Cuda used to be very good, in order to Apple, give up cuda, change to throw OpenCL. Finally OpenCL is also familiar with, WWDC2018 announced Metal2, suggest you give up OpenCL, use metal performance Shaders.
Apple is a "revolutionary" innovation company, a lot of innovation, will completely abandon the original accumulation. Constantly bring new abilities, but also make people love and hate.

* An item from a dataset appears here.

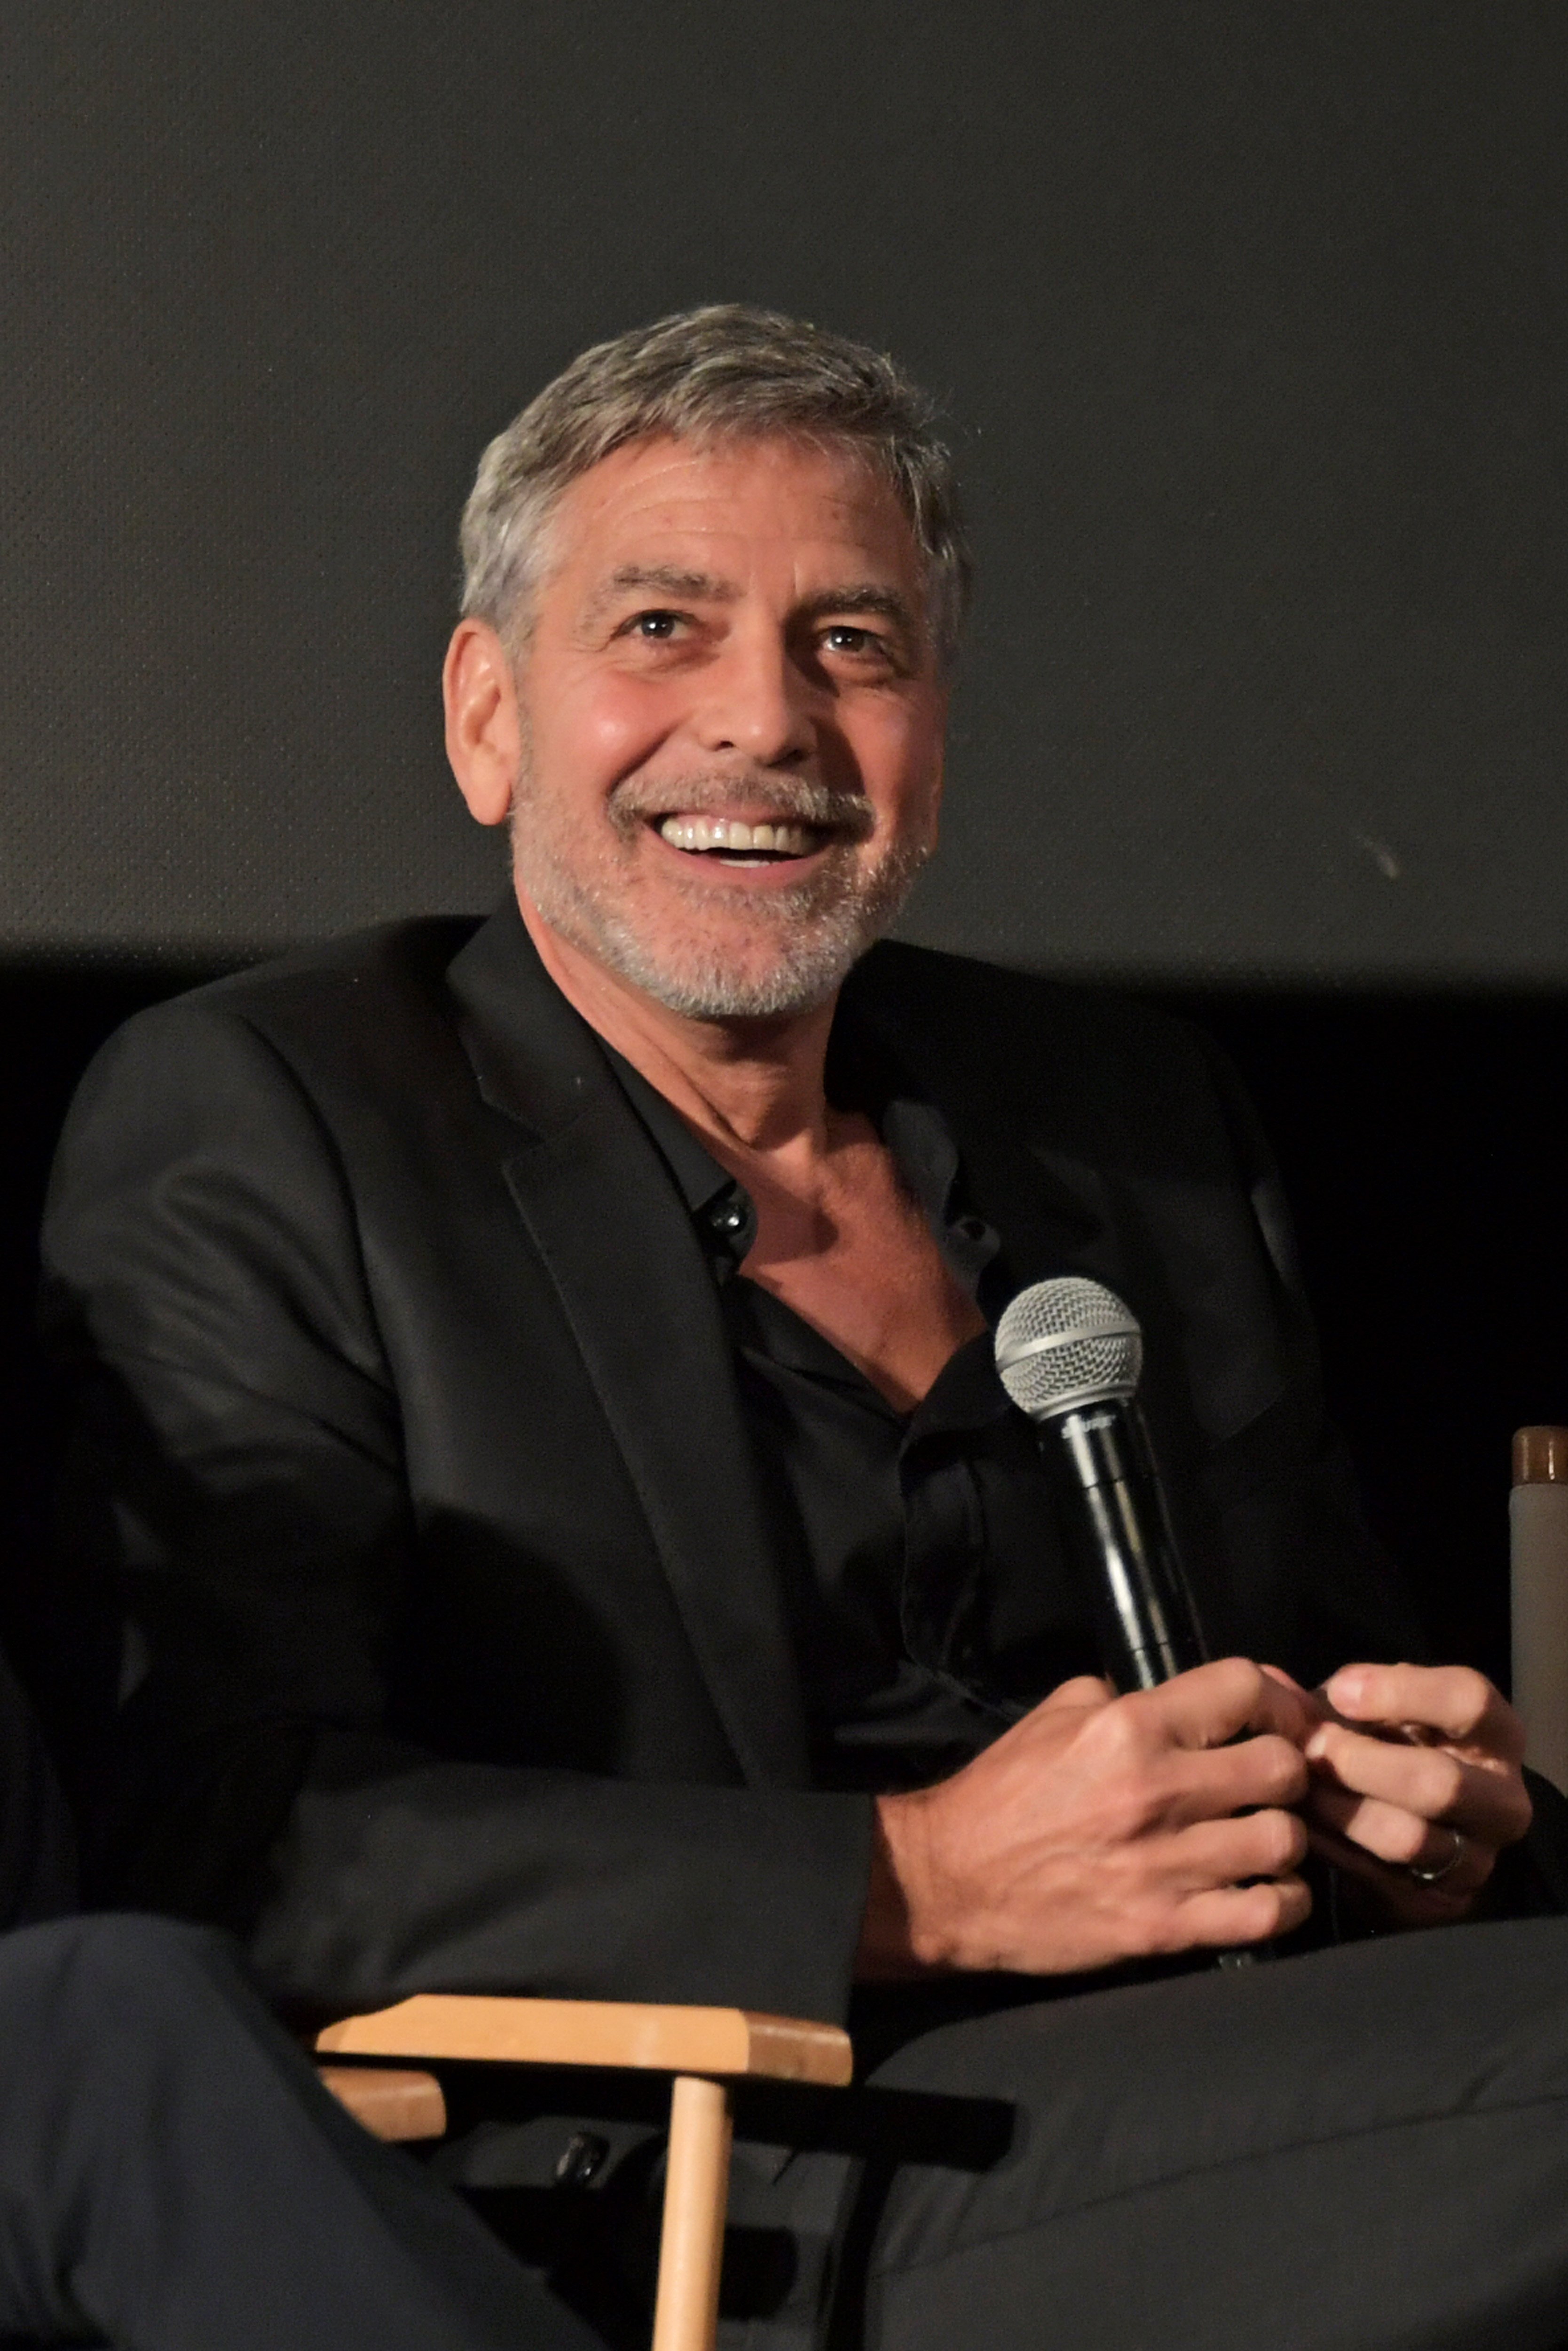 George Clooney en el estreno del nuevo programa de Channel 4 "Catch-22" en Vue Westfield, el 15 de mayo de 2019 en Londres, Inglaterra. | Foto: Getty Images

Here is an example of how to use Metal+shader to speed up large-scale data calculations for your Mac. The
Main program uses Swift. Randomly generate a large array of integers and then assign to the GPU cores to sum the parallel array. The logic of the
Metal section suggests looking at the official document Https://developer.apple.com/metal/, focusing only on the calculation section. The calculation is done by the Shader subroutine (kernel function), the language used in shader programming derives from c++14, so the data structure used by the CPU communication is basically the type that the C language can accept. The shader language can be understood as a subset of C + +. The official recommendation is that there can be a lot of calculations, but try to reduce the amount of content that requires GPU cores to be pre-judged to reduce speed, such as logic statements. Most of the time, a single core is not computationally fast, and GPU-accelerated computing is due to the fact that the GPU has multiple computational units for parallel computations. The
usually contains at least 3 parts in the parameters of the shader function: input, output, ID of the process. The first two parameters are good to understand, the third parameter is because the kernel function may run randomly on a GPU core for the calculation work, should be based on this unique ID assigned the only task in the program to calculate, so as to achieve the concurrency effect. Therefore, the kernel function should be support concurrency, support data cutting block computing.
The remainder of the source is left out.